Granule Metadata, netCDF, and ISO

From NOAA Environmental Data Management Wiki

The world of documentation has long recognized that there are many types of documentation and that they serve multiple purposes. Three classic documentation types include directory, inventory, and granule. One of the significant differences between these three levels is the role or applicability of standards. There are many standards at the directory level (the classic in this framework is the Directory Interchange Format, DIF) and fewer, more general standards (like the CF Conventions) at the granule level. This difference reflects the fact that the benefits of using standards increase with the breadth of applicability of those standards. At the directory level many products share documentation needs. At the granule level there are fewer shared needs.

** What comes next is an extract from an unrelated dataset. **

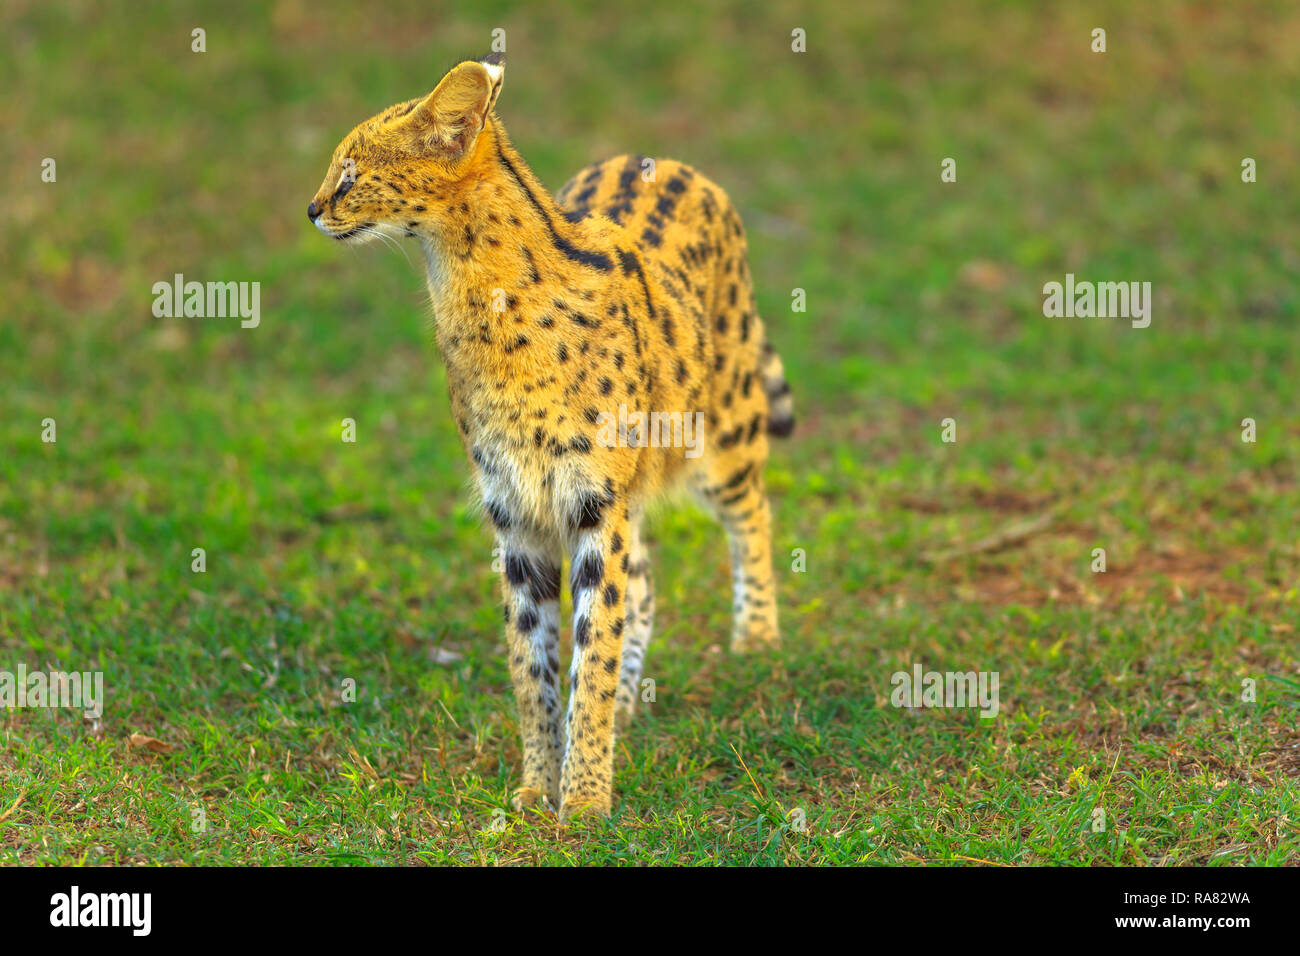 Serval debout dans l'habitat naturel. Le nom scientifique est Leptailurus serval. Le Serval est un chouette chat sauvage originaire d'Afrique. Banque D'Images

Granule documentation needs to be represented within granules (obviously) and, at least some of it, will be represented in the directory (or collection) metadata. We consider first how that documentation is represented in the granules which are assumed to be written in netCDF.

netCDF

There are two ways to represent documentation in netCDF files. Global attributes are related to the entire file, variable attributes are related to particular variables.

Global Attributes

Global attributes are written into netCDF files directly under the root <netcdf> element. They have names and values as shown in this example. The names of the global attributes should be selected from the NetCDF Attribute Convention for Dataset Discovery and Climate Forecast Conventions. Note that the content of these metadata elements is written into the value attribute of the attribute element regardless of its length. In some cases this results in long values.

This example shows discovery metadata (the attributes above the divider), as well as sample quality information for the granule. The example is schematic and not intended as a recommendation (see NetCDF for netCDF resources). In this case the quality information includes overall numbers (percent_clear, percent_day, and percent_night), and several simple statistics for the parameters named "air_temperature_at_cloud_top", and "cloud_top_altitude". The name of the variable needs to be included in each attribute name in order to distinguish them from one another.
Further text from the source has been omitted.